* _Problem statement_:
Which lines in the entries below contain the string "Azagury"? Show each of them in full.
Available data START
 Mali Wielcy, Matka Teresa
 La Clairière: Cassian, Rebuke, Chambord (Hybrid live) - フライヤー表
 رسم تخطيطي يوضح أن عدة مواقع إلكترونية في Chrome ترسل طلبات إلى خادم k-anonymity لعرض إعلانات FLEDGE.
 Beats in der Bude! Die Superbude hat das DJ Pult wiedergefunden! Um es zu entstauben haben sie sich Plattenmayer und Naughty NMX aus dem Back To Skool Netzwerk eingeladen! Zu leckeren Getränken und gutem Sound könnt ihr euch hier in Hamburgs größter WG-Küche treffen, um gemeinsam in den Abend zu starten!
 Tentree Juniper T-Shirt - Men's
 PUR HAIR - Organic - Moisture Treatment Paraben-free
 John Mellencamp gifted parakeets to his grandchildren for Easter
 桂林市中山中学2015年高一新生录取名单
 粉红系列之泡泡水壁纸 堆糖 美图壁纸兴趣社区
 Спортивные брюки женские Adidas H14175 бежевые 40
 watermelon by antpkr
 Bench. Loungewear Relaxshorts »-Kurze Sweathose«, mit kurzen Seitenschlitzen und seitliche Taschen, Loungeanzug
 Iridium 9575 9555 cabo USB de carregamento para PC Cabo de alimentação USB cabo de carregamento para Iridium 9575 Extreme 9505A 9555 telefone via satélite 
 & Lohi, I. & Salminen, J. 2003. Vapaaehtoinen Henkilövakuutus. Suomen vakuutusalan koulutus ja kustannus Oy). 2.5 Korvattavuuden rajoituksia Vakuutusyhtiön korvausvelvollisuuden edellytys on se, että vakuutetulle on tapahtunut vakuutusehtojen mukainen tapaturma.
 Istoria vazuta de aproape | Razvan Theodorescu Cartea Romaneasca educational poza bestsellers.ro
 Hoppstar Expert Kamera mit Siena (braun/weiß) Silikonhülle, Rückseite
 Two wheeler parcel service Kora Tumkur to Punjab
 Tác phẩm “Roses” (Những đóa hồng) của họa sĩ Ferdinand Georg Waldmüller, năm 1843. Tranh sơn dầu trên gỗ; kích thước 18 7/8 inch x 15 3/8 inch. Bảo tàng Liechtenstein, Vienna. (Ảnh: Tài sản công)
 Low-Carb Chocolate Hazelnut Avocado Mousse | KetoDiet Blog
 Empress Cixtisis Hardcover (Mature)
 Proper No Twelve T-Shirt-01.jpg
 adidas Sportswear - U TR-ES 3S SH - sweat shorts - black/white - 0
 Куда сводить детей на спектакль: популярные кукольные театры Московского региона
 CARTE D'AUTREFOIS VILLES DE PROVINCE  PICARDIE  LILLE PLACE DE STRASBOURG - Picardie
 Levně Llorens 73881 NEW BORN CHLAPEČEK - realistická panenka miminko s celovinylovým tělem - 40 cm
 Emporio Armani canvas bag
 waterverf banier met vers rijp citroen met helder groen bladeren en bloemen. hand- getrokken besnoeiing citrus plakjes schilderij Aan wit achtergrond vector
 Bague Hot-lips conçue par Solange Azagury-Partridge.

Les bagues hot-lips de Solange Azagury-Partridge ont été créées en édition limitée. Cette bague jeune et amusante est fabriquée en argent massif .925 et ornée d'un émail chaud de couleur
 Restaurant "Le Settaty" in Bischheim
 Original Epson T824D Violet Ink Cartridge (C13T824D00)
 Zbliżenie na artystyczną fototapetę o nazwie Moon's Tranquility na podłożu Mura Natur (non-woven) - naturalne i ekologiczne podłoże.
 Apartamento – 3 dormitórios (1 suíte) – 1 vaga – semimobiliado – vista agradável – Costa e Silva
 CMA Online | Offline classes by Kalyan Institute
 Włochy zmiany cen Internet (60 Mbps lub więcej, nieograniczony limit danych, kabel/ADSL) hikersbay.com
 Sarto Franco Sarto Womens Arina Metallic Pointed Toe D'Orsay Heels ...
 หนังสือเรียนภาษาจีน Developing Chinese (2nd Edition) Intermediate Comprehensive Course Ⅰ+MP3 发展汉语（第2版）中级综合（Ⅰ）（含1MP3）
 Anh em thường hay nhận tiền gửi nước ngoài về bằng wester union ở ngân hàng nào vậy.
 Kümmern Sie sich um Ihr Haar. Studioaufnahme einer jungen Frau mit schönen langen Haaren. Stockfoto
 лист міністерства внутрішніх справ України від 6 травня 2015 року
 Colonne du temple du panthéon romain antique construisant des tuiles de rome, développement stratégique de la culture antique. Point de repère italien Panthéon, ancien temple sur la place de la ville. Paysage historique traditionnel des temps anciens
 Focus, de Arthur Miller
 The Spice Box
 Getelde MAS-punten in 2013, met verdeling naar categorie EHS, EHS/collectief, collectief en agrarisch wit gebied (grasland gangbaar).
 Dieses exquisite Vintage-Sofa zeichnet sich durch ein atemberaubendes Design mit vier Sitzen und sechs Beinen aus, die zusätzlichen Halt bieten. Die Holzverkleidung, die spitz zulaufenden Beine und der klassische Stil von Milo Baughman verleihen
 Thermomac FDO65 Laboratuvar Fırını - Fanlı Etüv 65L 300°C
Available data END
* _The completed task_:
 Bague Hot-lips conçue par Solange Azagury-Partridge.
Les bagues hot-lips de Solange Azagury-Partridge ont été créées en édition limitée. Cette bague jeune et amusante est fabriquée en argent massif .925 et ornée d'un émail chaud de couleur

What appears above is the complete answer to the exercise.